Java(TM) SE Runtime Environment (build 1.8.0_144-b01)
Java HotSpot(TM) 64-Bit Server VM (build 25.144-b01, mixed mode)
OS version (uname -a if on a Unix-like system): Linux bd9a03495c76 4.4.0-66-generic #87~14.04.1-Ubuntu SMP Fri Mar 3 17:32:36 UTC 2017 x86_64 x86_64 x86_64 GNU/Linux
Description of the problem including expected versus actual behavior:
Node suffers an OOM error and the following message is logged:
[2018-03-09T04:18:01,808][ERROR][org.elasticsearch.bootstrap.ElasticsearchUncaughtExceptionHandler] fatal error in thread [elasticsearch[instance-0000000008][bulk][T#739]], exiting java.lang.OutOfMemoryError: Java heap space
However, the instance does not die and it keeps on throwing OOMs from time remaining totally unusable.
Steps to reproduce:
Provide logs (if relevant):
Lots of similar logs are there in the last 24h:
[2018-03-09T11:21:55,312][ERROR][org.elasticsearch.index.engine.Engine] tragic event in index writer java.lang.OutOfMemoryError: Java heap space
This is the full stacktrace of one of the errors:
This is the first OOM that was thrown and did not result on the instance dying:
[2018-03-08T12:31:30,448][ERROR][org.elasticsearch.bootstrap.ElasticsearchUncaughtExceptionHandler] fatal error in thread [Thread-35], exiting
java.lang.OutOfMemoryError: Java heap space
at io.netty.buffer.UnpooledHeapByteBuf.allocateArray(UnpooledHeapByteBuf.java:85) ~[?:?]

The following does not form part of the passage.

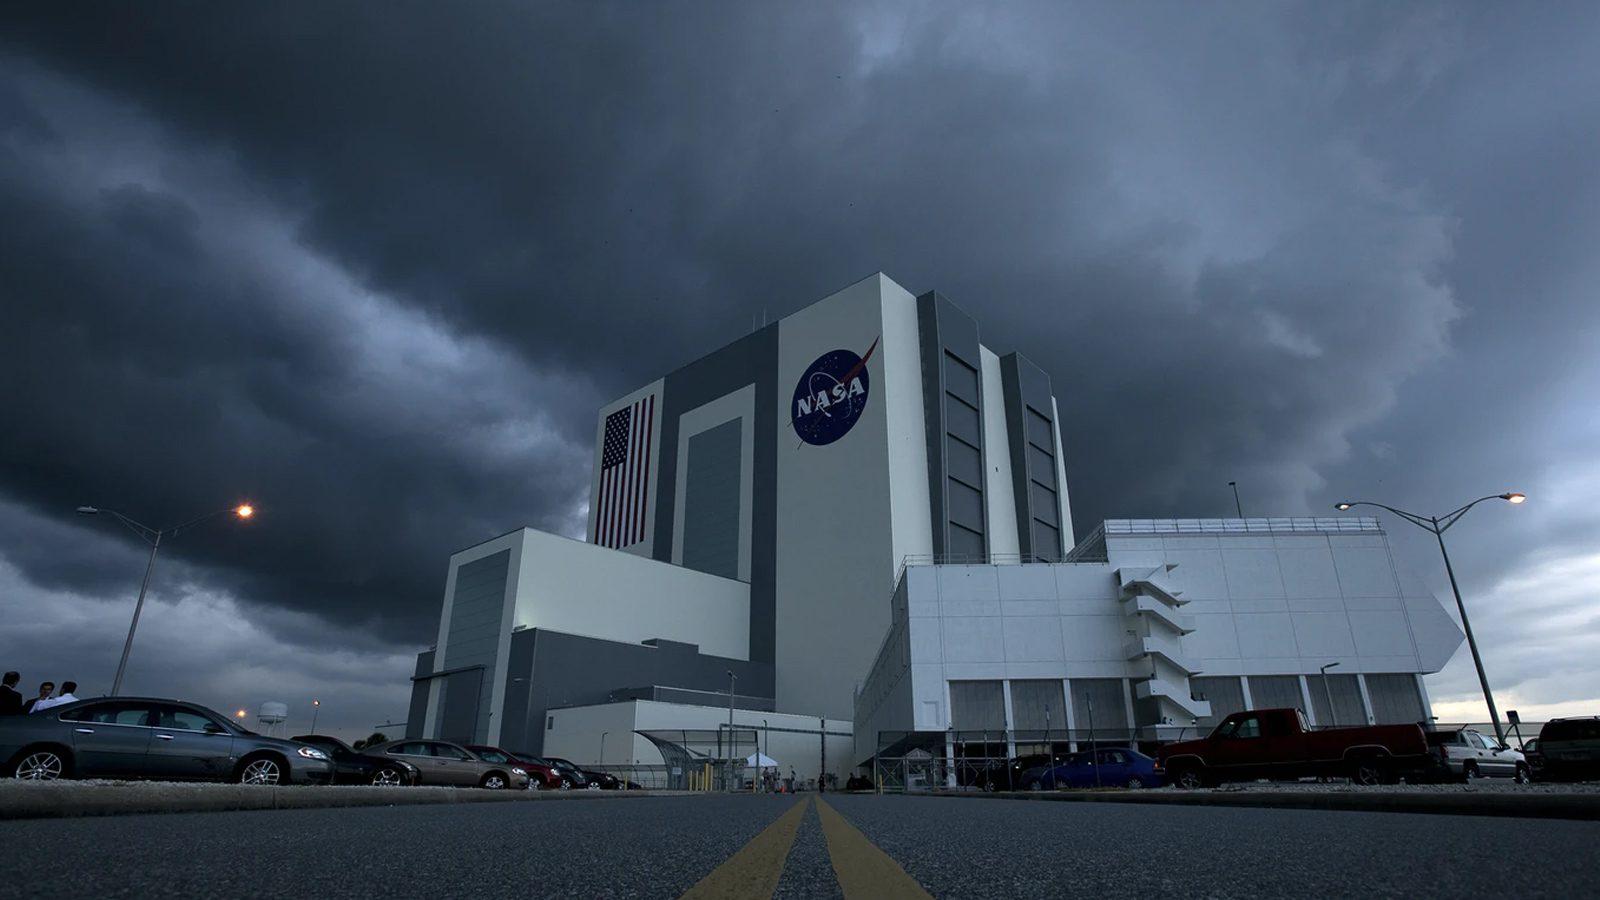 Nasa Space Agency

at io.netty.buffer.UnpooledByteBufAllocator.allocateArray(UnpooledByteBufAllocator.java:147) ~[?:?]
at io.netty.buffer.UnpooledHeapByteBuf.<init>(UnpooledHeapByteBuf.java:58) ~[?:?]
at io.netty.buffer.UnpooledByteBufAllocator.<init>(UnpooledByteBufAllocator.java:142) ~[?:?]
at io.netty.buffer.UnpooledByteBufAllocator.newHeapBuffer(UnpooledByteBufAllocator.java:64) ~[?:?]
at io.netty.buffer.AbstractByteBufAllocator.heapBuffer(AbstractByteBufAllocator.java:162) ~[?:?]
at io.netty.buffer.AbstractByteBufAllocator.heapBuffer(AbstractByteBufAllocator.java:153) ~[?:?]
at io.netty.buffer.AbstractByteBufAllocator.ioBuffer(AbstractByteBufAllocator.java:135) ~[?:?]
at io.netty.channel.DefaultMaxMessagesRecvByteBufAllocator.allocate(DefaultMaxMessagesRecvByteBufAllocator.java:80) ~[?:?]
at io.netty.channel.nio.AbstractNioByteChannel.read(AbstractNioByteChannel.java:122) ~[?:?]
at io.netty.channel.nio.NioEventLoop.processSelectedKey(NioEventLoop.java:644) ~[?:?]
at io.netty.channel.nio.NioEventLoop.processSelectedKeysPlain(NioEventLoop.java:544) ~[?:?]
at io.netty.channel.nio.NioEventLoop.processSelectedKeys(NioEventLoop.java:498) ~[?:?]
at io.netty.channel.nio.NioEventLoop.run(NioEventLoop.java:458) ~[?:?]
at io.netty.util.concurrent.SingleThreadEventExecutor.run(SingleThreadEventExecutor.java:858) ~[?:?]
at java.lang.Thread.run(Thread.java:748) [?:1.8.0_144]
Other, later, error I've seen that does not result on the instance dying:
[2018-03-09T06:34:19,412][WARN ][org.elasticsearch.cluster.action.shard.ShardStateAction] [filebeat-2018.03.06][3] received shard failed for shard id [[filebeat-2018.03.06][3]], allocation id [2-mEAryVT_2ElzJAYhZWcQ], primary term [0], message [shard failure, reason [lucene commit failed]], failure [AlreadyClosedException[this IndexWriter is closed]; nested: OutOfMemoryError[Java heap space]; ]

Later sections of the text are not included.